### About this exercise
Using the data below, print exactly the line with "Phó Chủ tịch", the line with "Coolest 60’s Coca Cola Button Up", and every line between them, but none of the pictures.

### The input
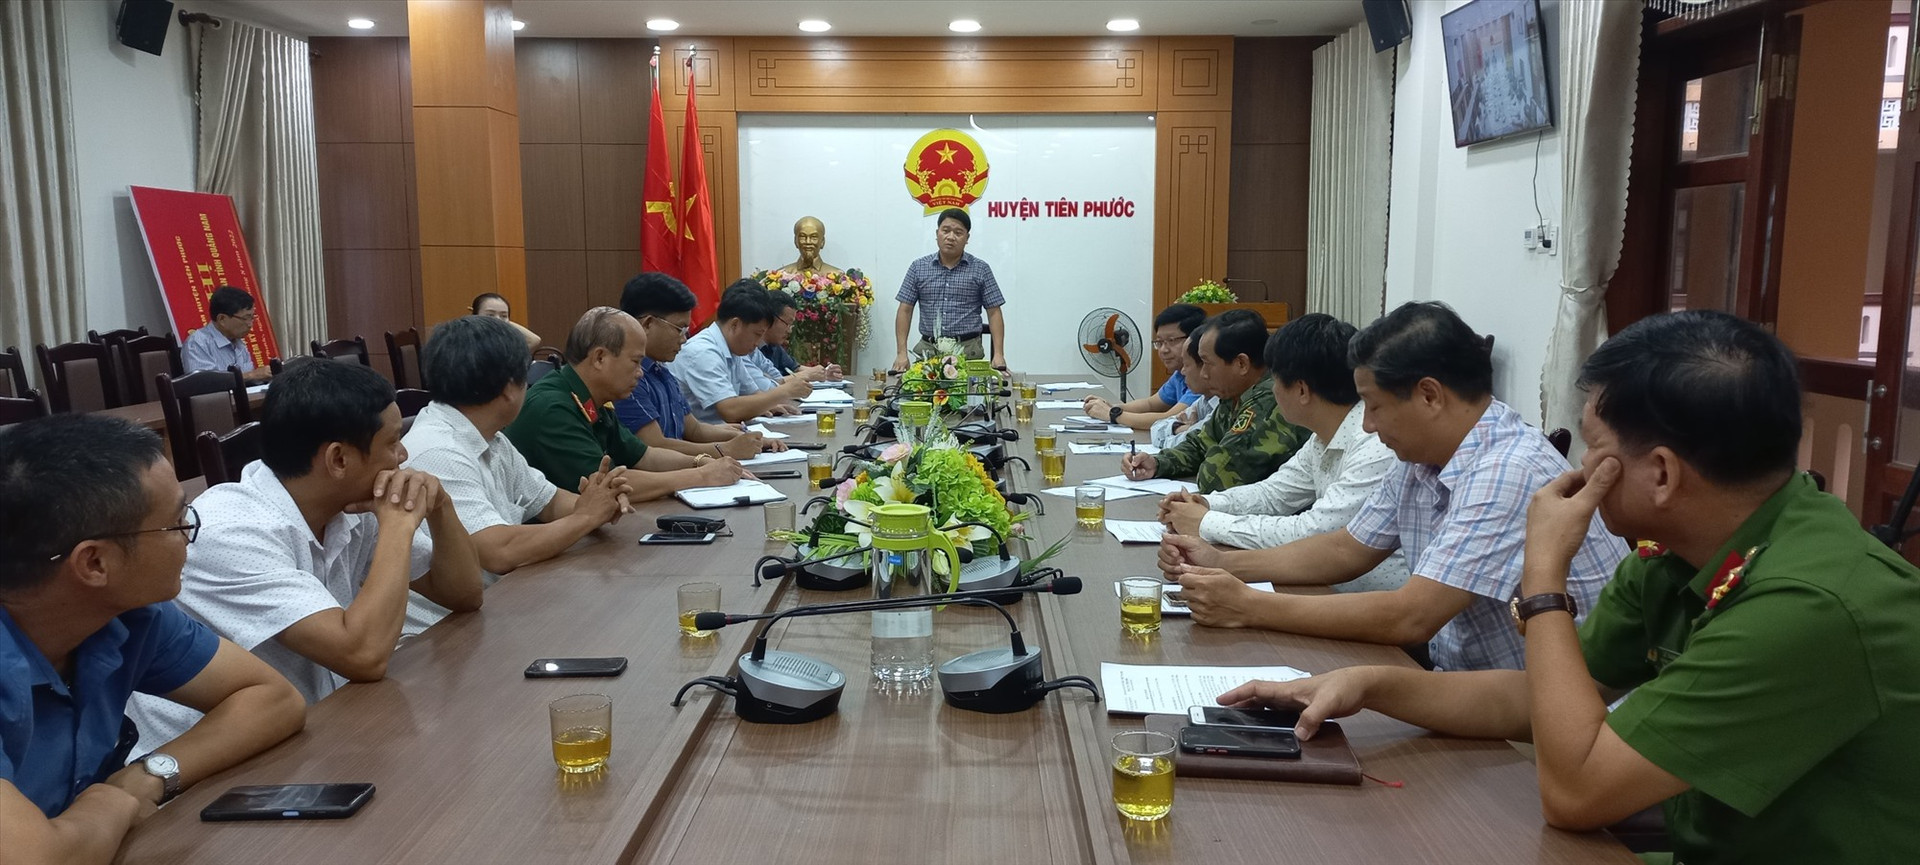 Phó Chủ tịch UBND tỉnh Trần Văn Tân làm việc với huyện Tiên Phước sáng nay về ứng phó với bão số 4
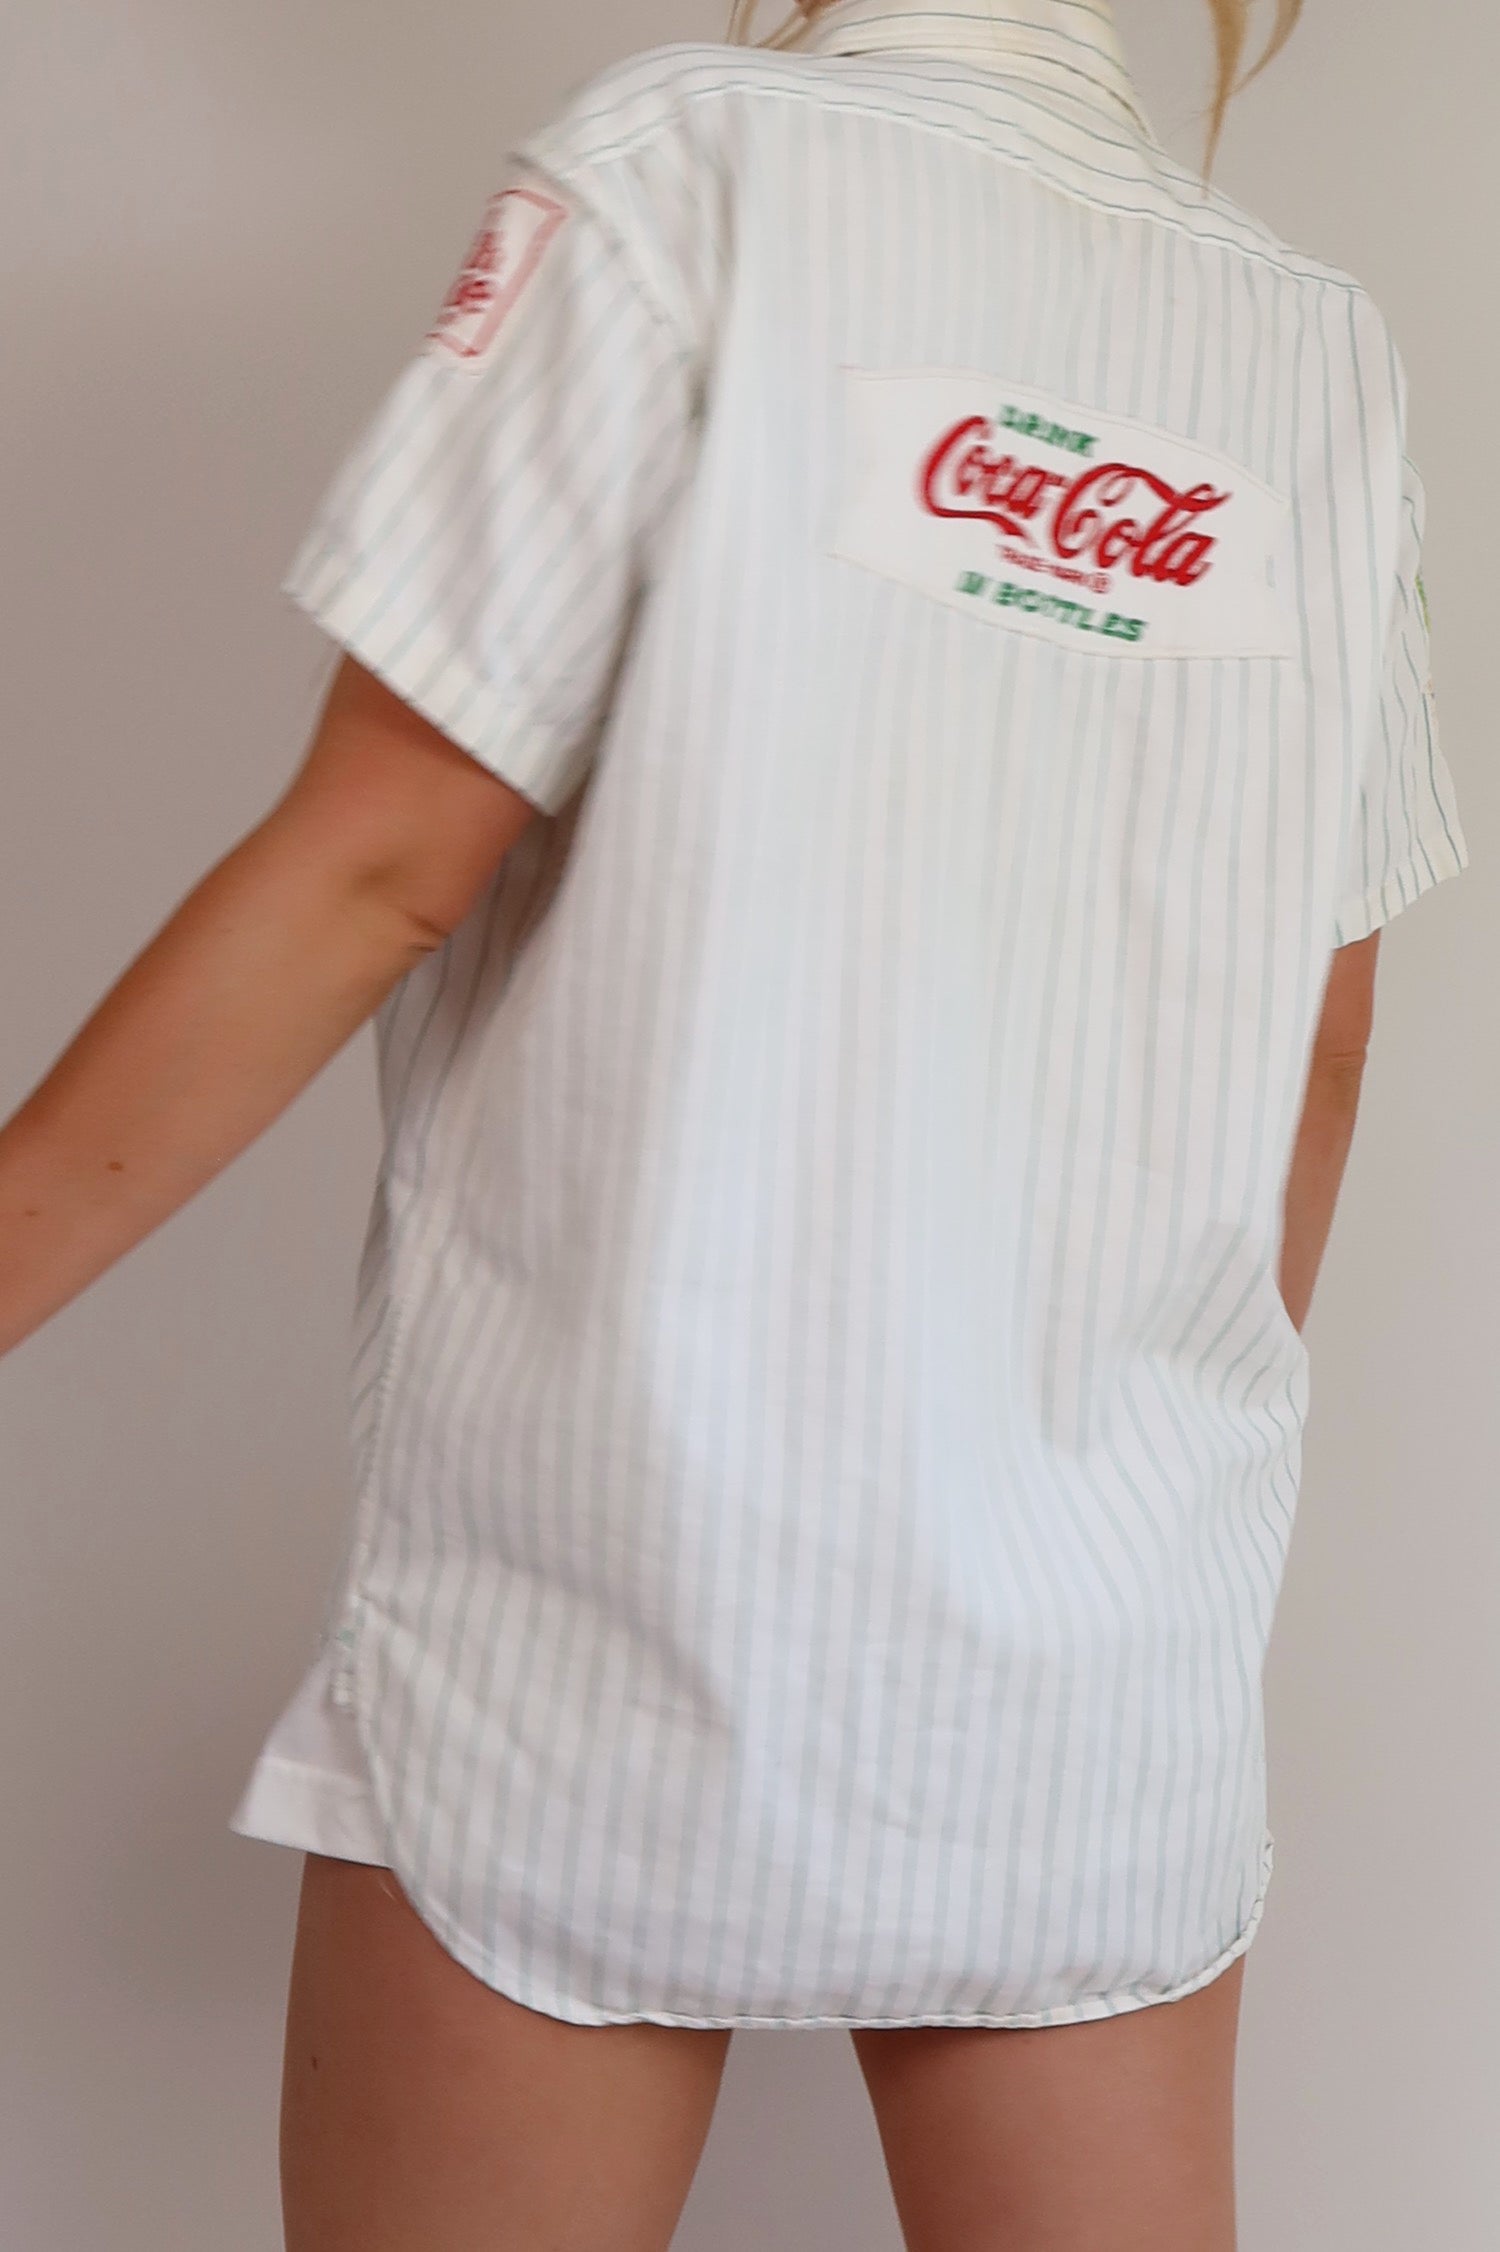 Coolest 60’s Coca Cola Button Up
--
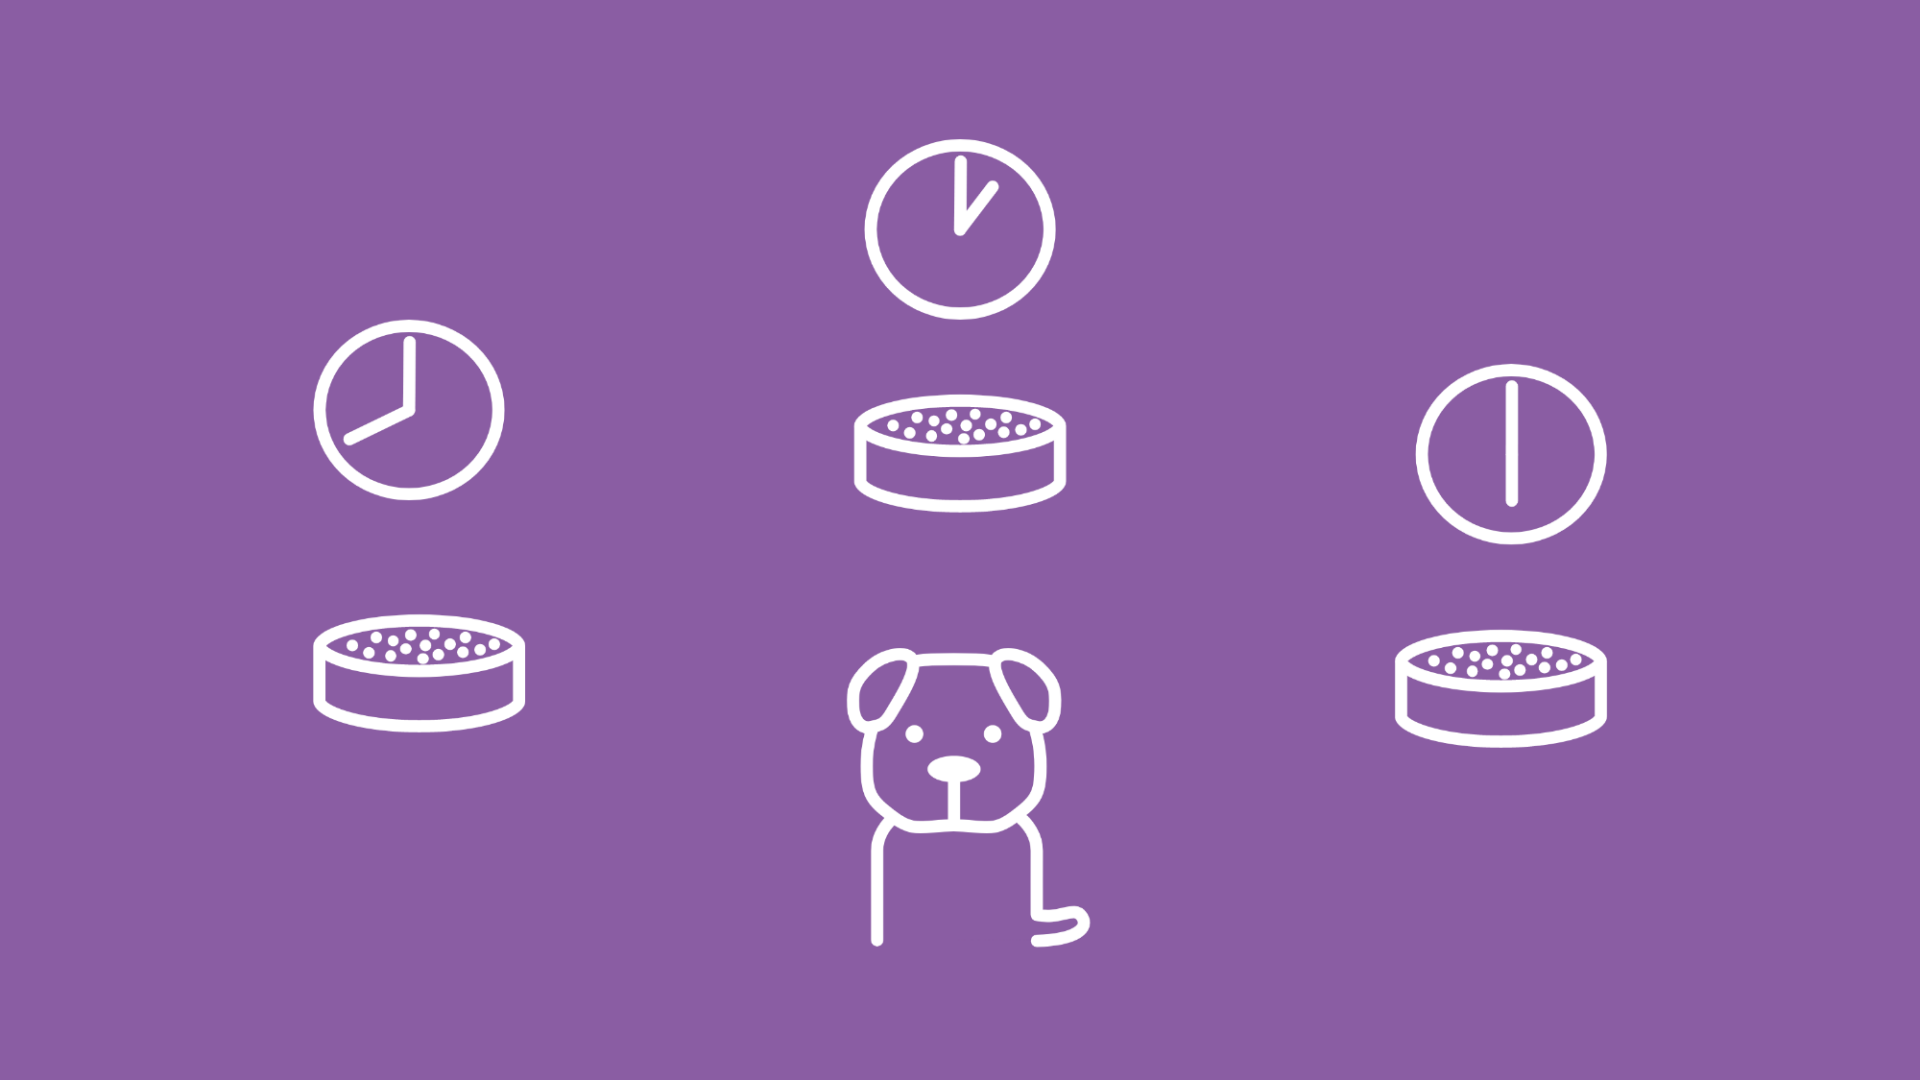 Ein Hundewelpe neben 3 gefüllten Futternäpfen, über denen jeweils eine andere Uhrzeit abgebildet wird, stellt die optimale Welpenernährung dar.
* * *
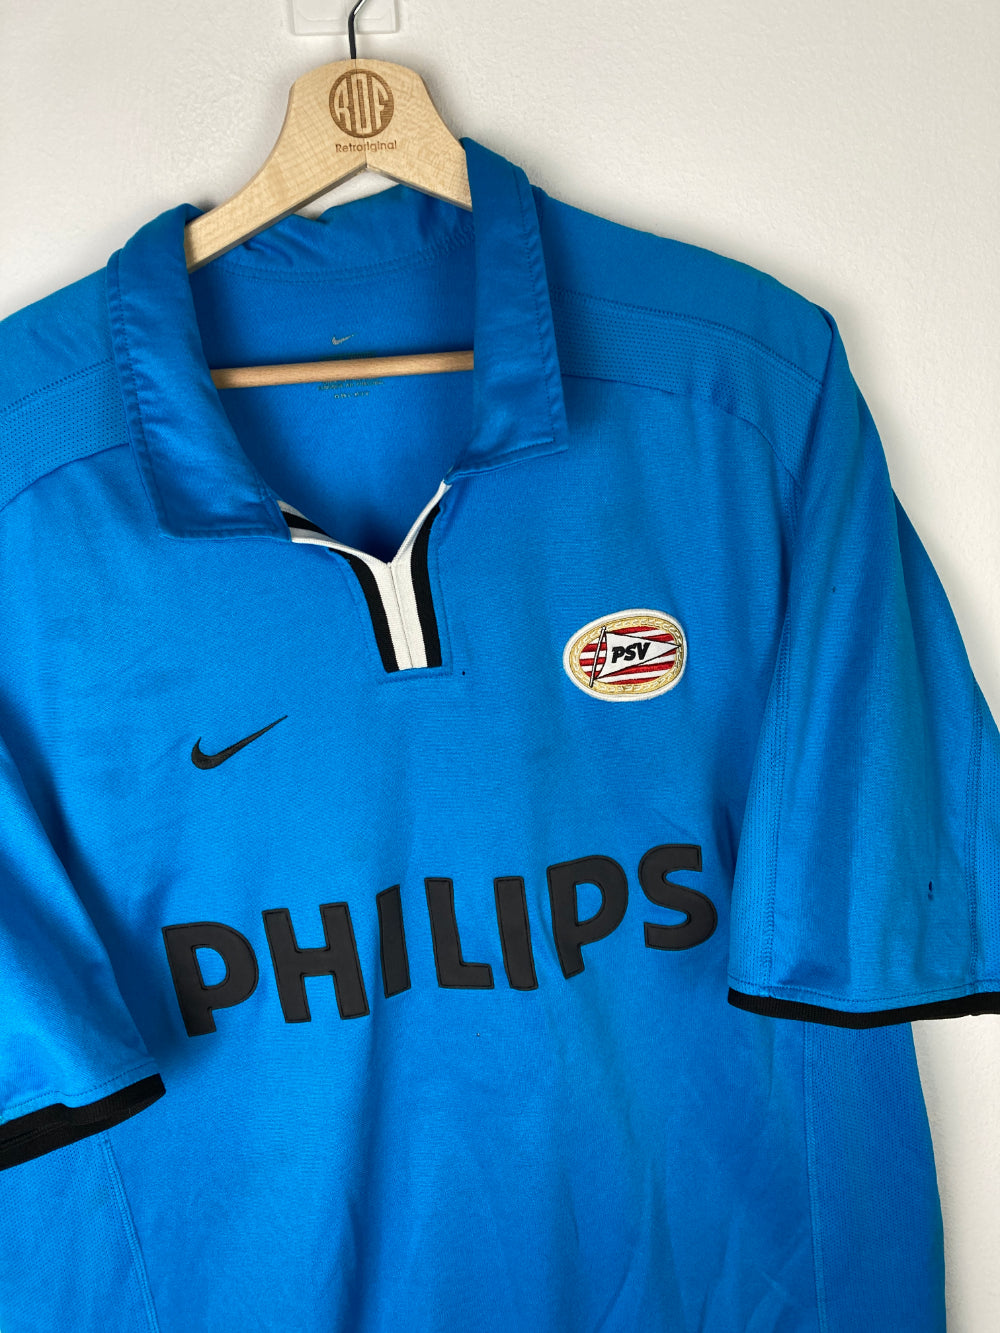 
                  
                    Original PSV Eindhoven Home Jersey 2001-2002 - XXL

### Written response
 Phó Chủ tịch UBND tỉnh Trần Văn Tân làm việc với huyện Tiên Phước sáng nay về ứng phó với bão số 4
 Coolest 60’s Coca Cola Button Up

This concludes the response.